The law requires landlords to allow tenants a reasonable time in which to remedy breaches of covenant before commencing possession proceedings. What is reasonable will depend on the facts and if a landlord proceeds too quickly its action will fail. If the breach is irremediable, landlords must still allow tenants time to consider their position, but they will often be able to act more quickly. Consequently, it is important to decide whether or not a breach is remediable, even though the fact that a breach is “irremediable” will not necessarily prevent the court from granting relief from forfeiture.

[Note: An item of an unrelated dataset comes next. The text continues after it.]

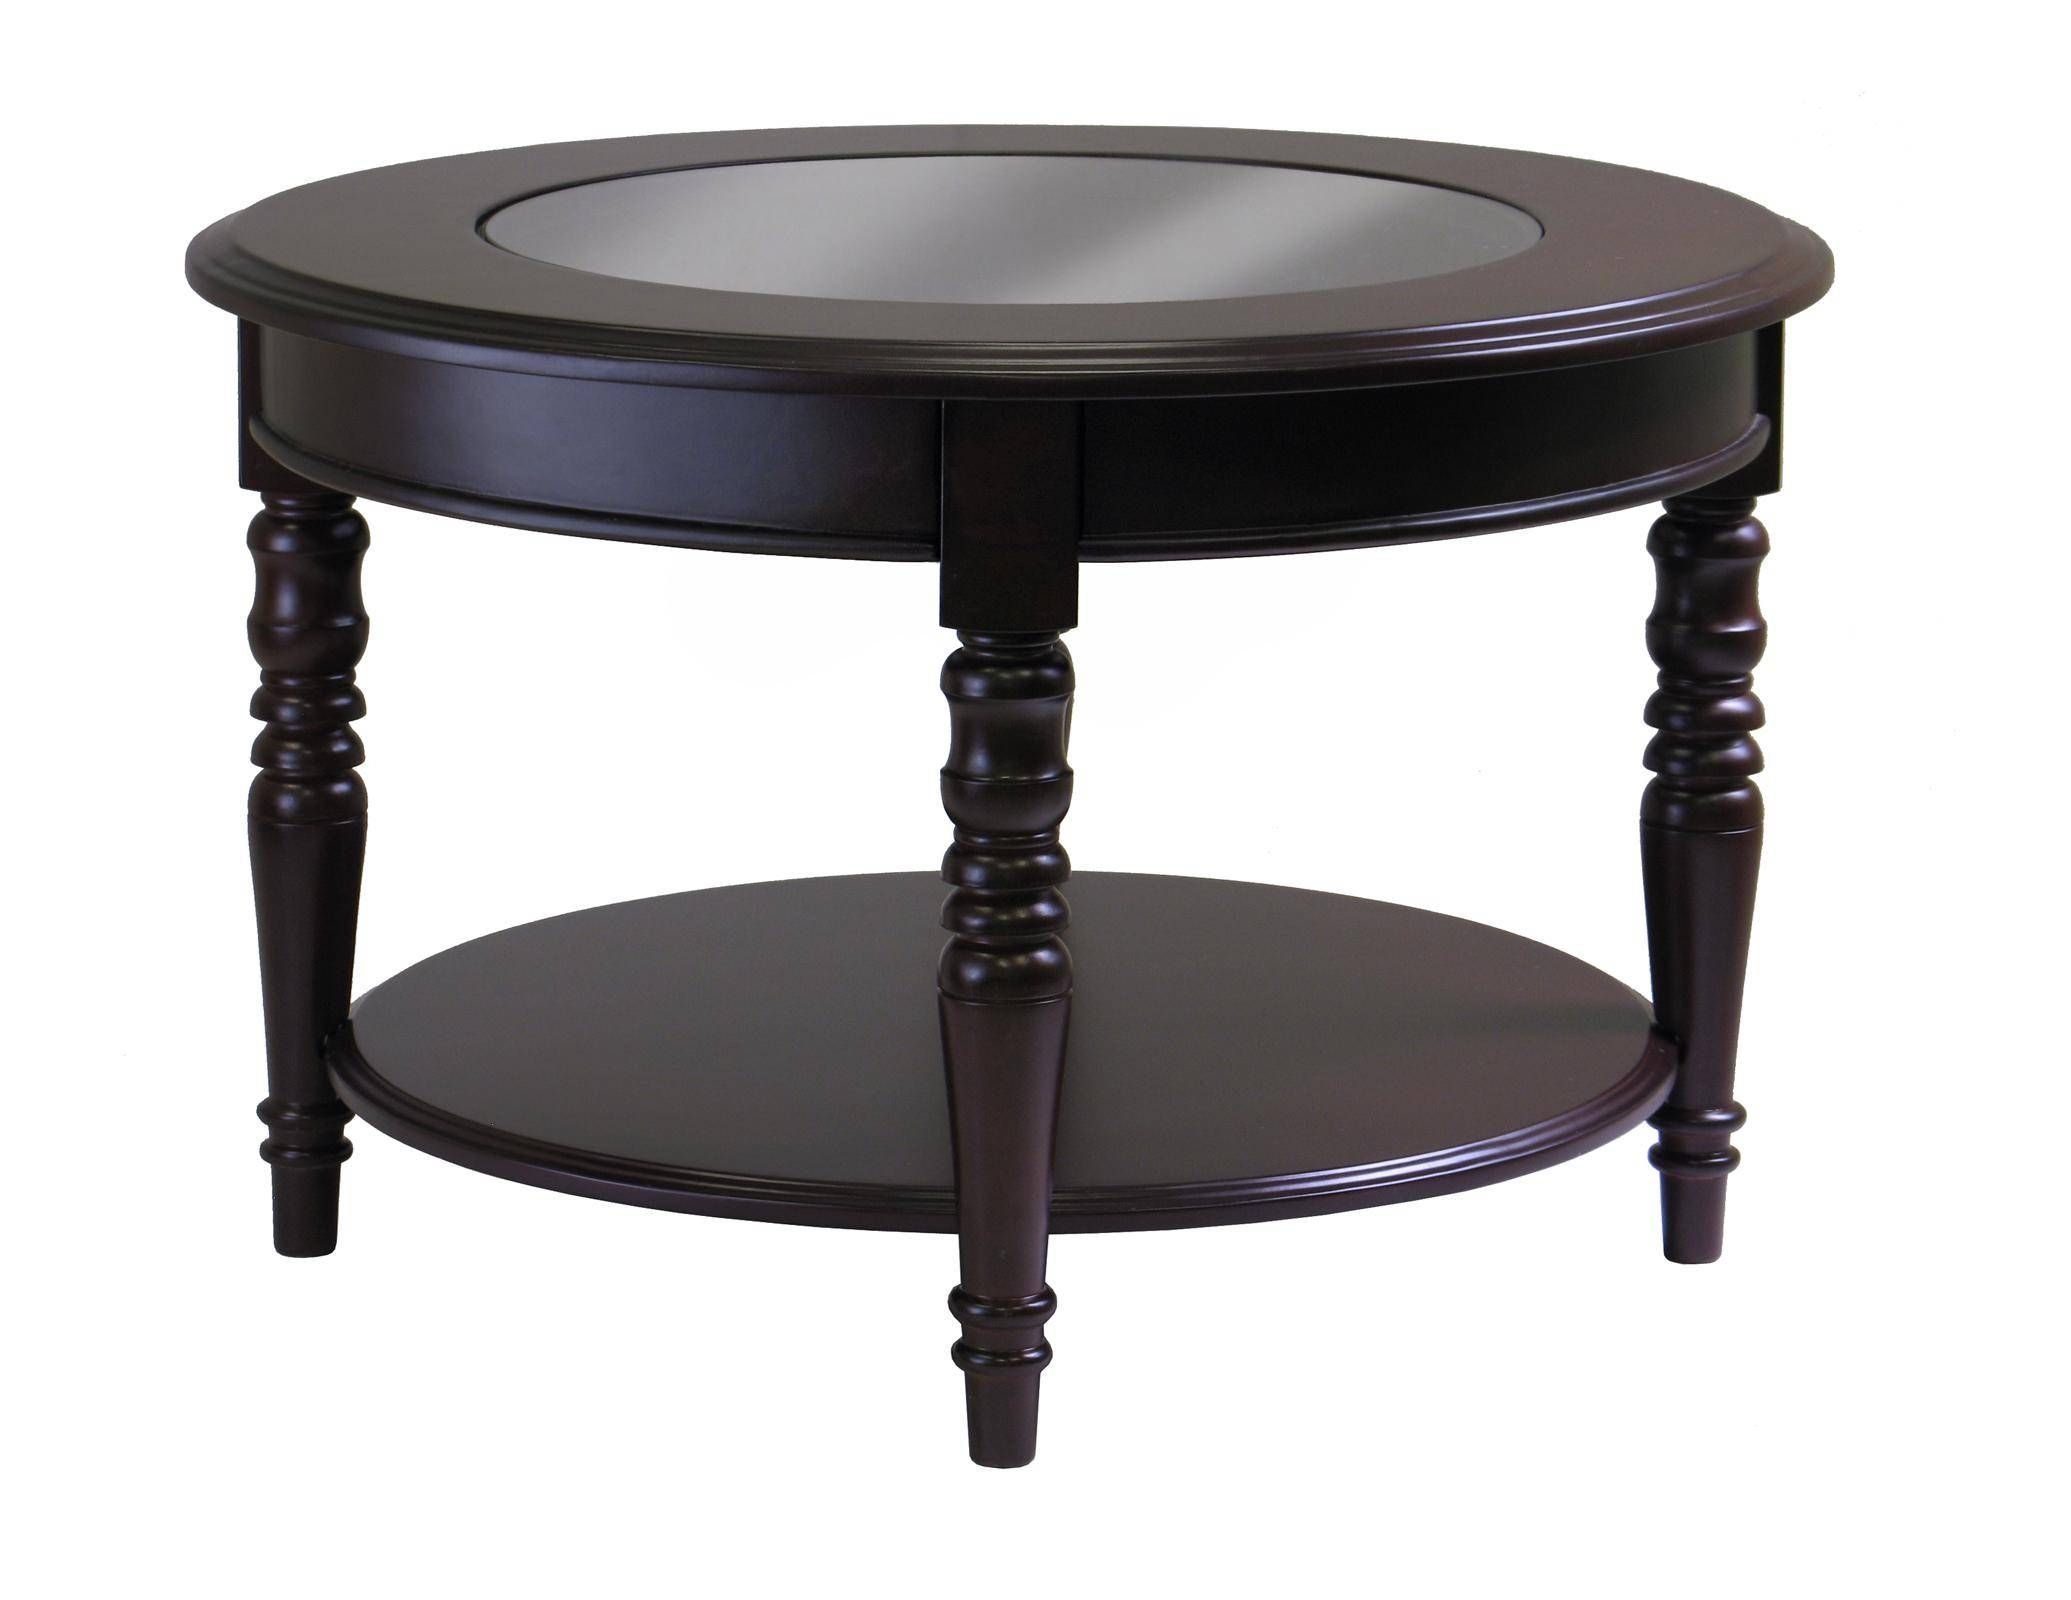 Round Wood Coffee Table With Glass Top Intended For Dark Wood Coffee Tables With Glass Top (View 21 of 30)

The Court of Appeal had to consider the effect of two different breaches of covenant in Patel v K&J Restaurants Ltd [2010] EWCA Civ 121; [2010] PLSCS 2761. The landlords served a section 146 notice on the tenant when they discovered that a subtenant of an upper floor flat had been using the premises for prostitution. They served a further notice on discovering that the tenant had appointed a manager to operate its restaurant business, on the ground that the tenant was also in breach of the alienation provisions in its lease.

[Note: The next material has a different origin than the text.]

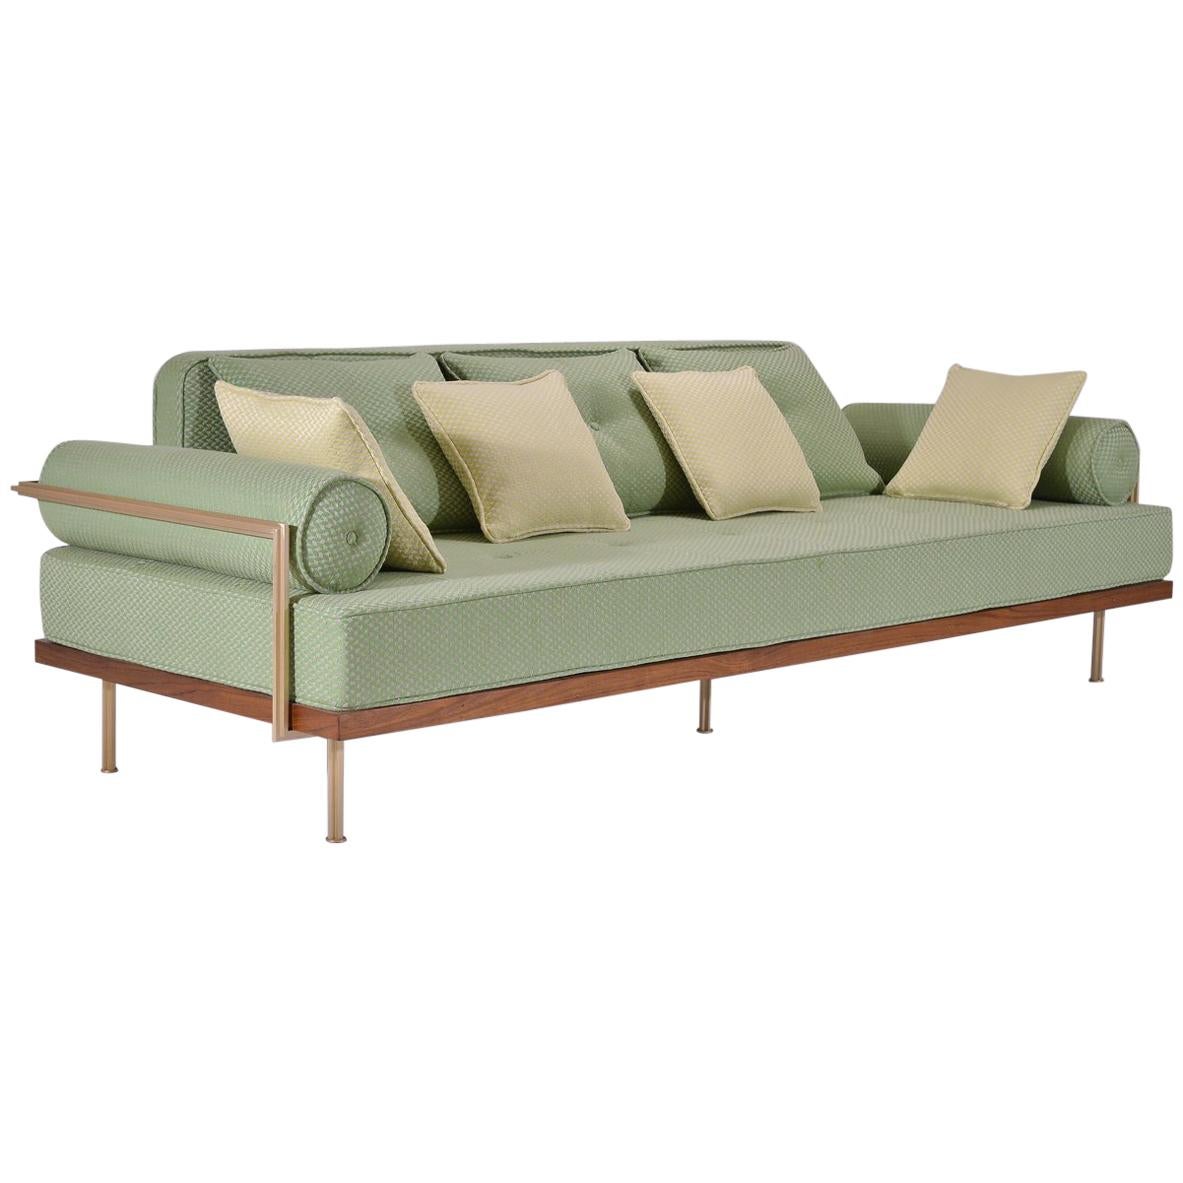 Bespoke Sofa with Brass and Reclaimed Hardwood Frame, by P. Tendercool

The courts generally regard breaches of covenant involving immoral or illegal user, where premises are stigmatised by the use, as irremediable. However, they draw an important distinction between direct use by the tenant and use by a subtenant. Direct breaches by tenants are irremediable. However, where the use is by a subtenant, the breach is remediable so long as the tenant acts promptly on discovering the immoral or illegal use. Although this was a case of use by a subtenant, the court decided that the tenant had failed to investigate sufficiently after being alerted by the police. Consequently, the breach was irremediable. However, the premises had been relet, no further police action had been taken, and the premises had not been tainted by the immoral use because of they were in close proximity to a well-known red-light area.

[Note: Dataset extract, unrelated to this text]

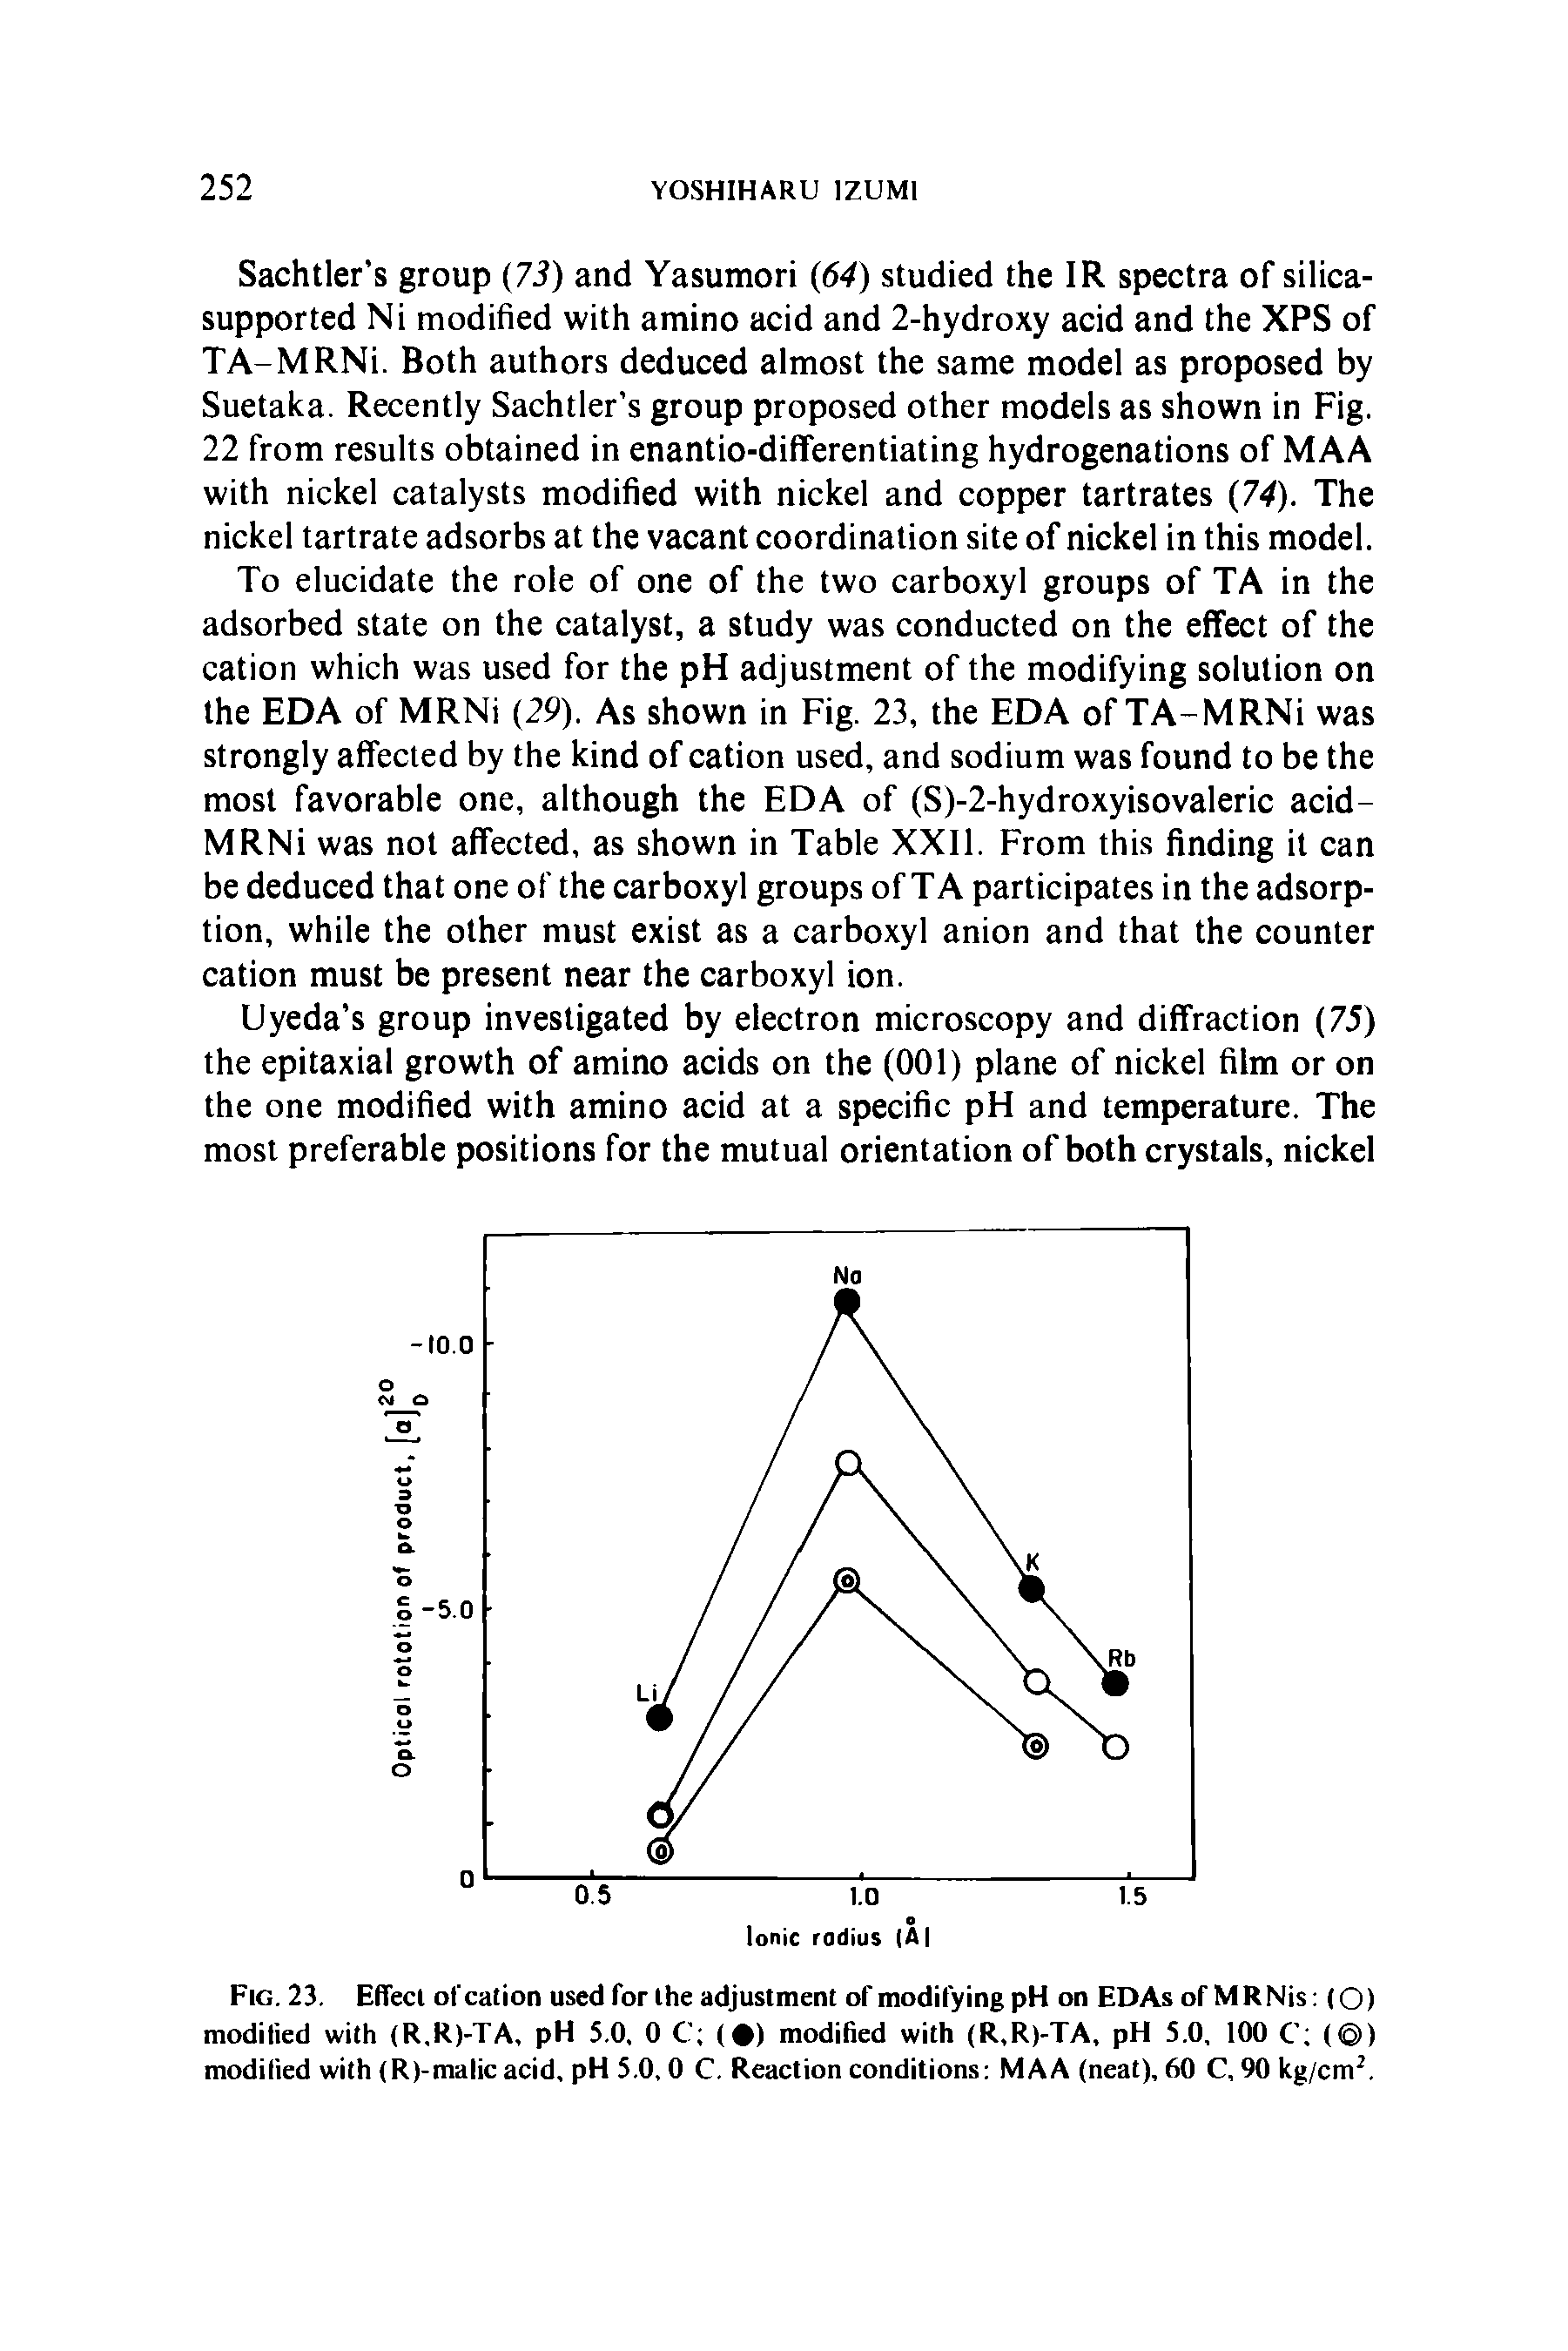 Fig. 23. Effect of cation used for the adjustment of modifying pH on EDAs of MRNis (O) modified with (R.R)-TA, pH 5.0, 0 C ( ) modified with (R,R)-TA, pH 5.0, 100 C ( ) modified with (R)-malic acid, pH 5.0,0 C. Reaction conditions MAA (neat), 60 C, 90 kg/cm2.

The court considered the effect of the management agreement between the tenant and its manager. It ruled that a “manager” that runs the business and takes all the profit, while bearing all the loss, after paying fixed sums to the owner, which is obliged to carry on the business for a stated period unless the agreement is terminated for cause, cannot fairly be described as carrying on business as the owner’s agent.  Consequently, the restaurant operator was carrying on the business for its own benefit and was sharing possession of the premises with the tenant in breach of the lease. However, the breach of covenant was remediable and the tenant had remedied it.

The court accepted that the landlord had not suffered any lasting damage and would reap a disproportionate financial advantage if it were to obtain vacant possession of the premises. Consequently, it granted relief from forfeiture on both counts (even though the courts are normally reluctant to grant relief from forfeiture where premises have been used for immoral purposes), on condition that the tenant paid the landlord’s costs on an indemnity basis and undertook not to repeat the transgressions.